Леонид стоял рядом с нею с каменной физиономией. Но она своим обостренным в такие мгновения взглядом засекла, как он небрежно, словно бы машинально сдвинул вниз замочек «молнии» на куртке.

— А члены редколлегии! — уже почти кричала Настя. — Вы обязаны сейчас думать, а не бояться! Каким будет вечерний выпуск? Вы за танки или против них?

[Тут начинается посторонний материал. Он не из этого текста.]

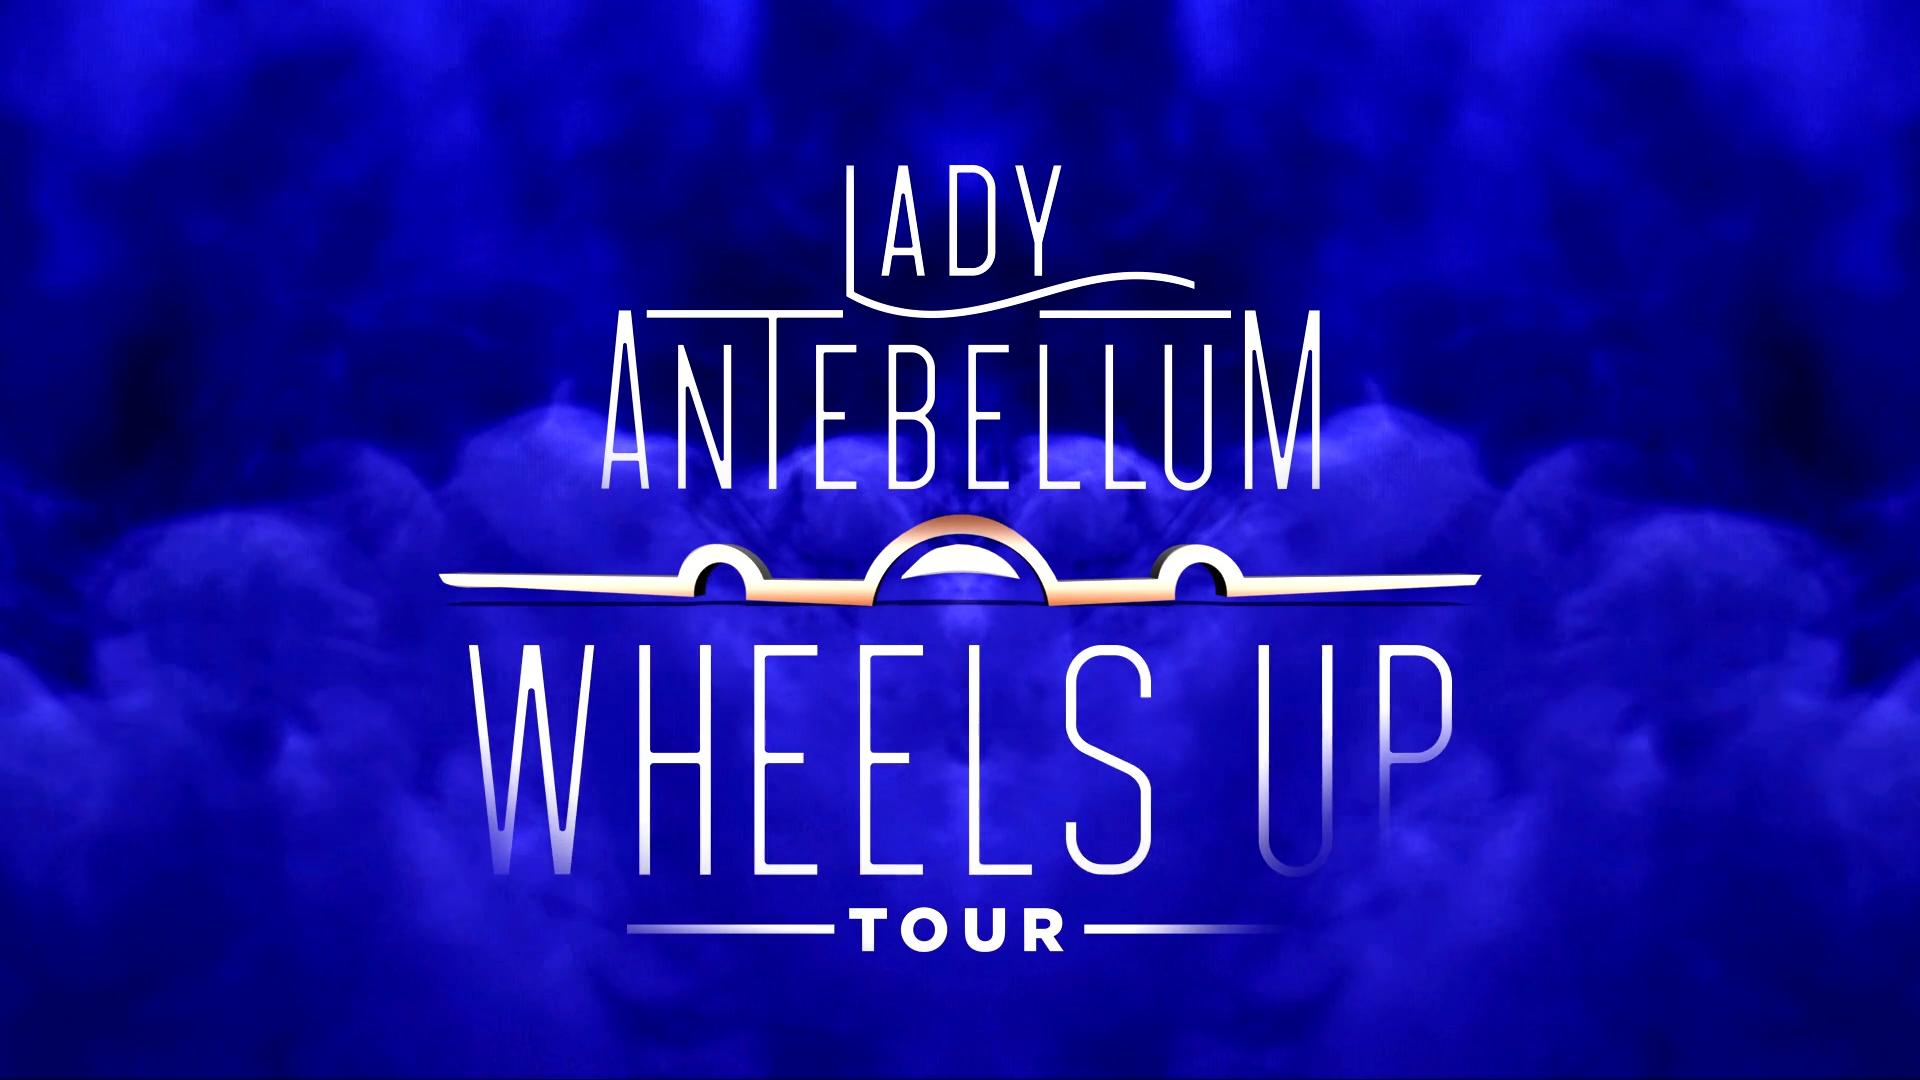 Lady Antebellum - Wheels Up Tour.2015.BDRip1080p.mkv_snapshot_00.01.11_[2015.12.10_08.54.23].png

Да что я говорю, кто из вас под танк ляжет? Вы-ы, интеллигенты, особая порода, а танки пусть быдло, то бишь народ, останавливает!

Она наконец высказалась, излила переполнившую её ярость — ко всей этой подленькой редакционной шушере, паразитировавшей при коммунистическом режиме, а теперь за чашкой кофе выжидавшей, кто возьмет верх в яростном столкновении непримиримых сил. Классик был не прав, когда утверждал, что пролетариат борется, а буржуазия крадется к власти. Сейчас боролся не пролетариат, а просто самые разные люди, и к власти не крались, а выжидали момент, чтобы подхватить её, выпавшую из рук партии — идейного дистрофика.

— А товарищи коммунисты, — выпалили Настя напоследок, — наверное, побежали сдавать партийные билеты…

В кофейне, действительно, никого не было из твердолобых партийных активистов редакции.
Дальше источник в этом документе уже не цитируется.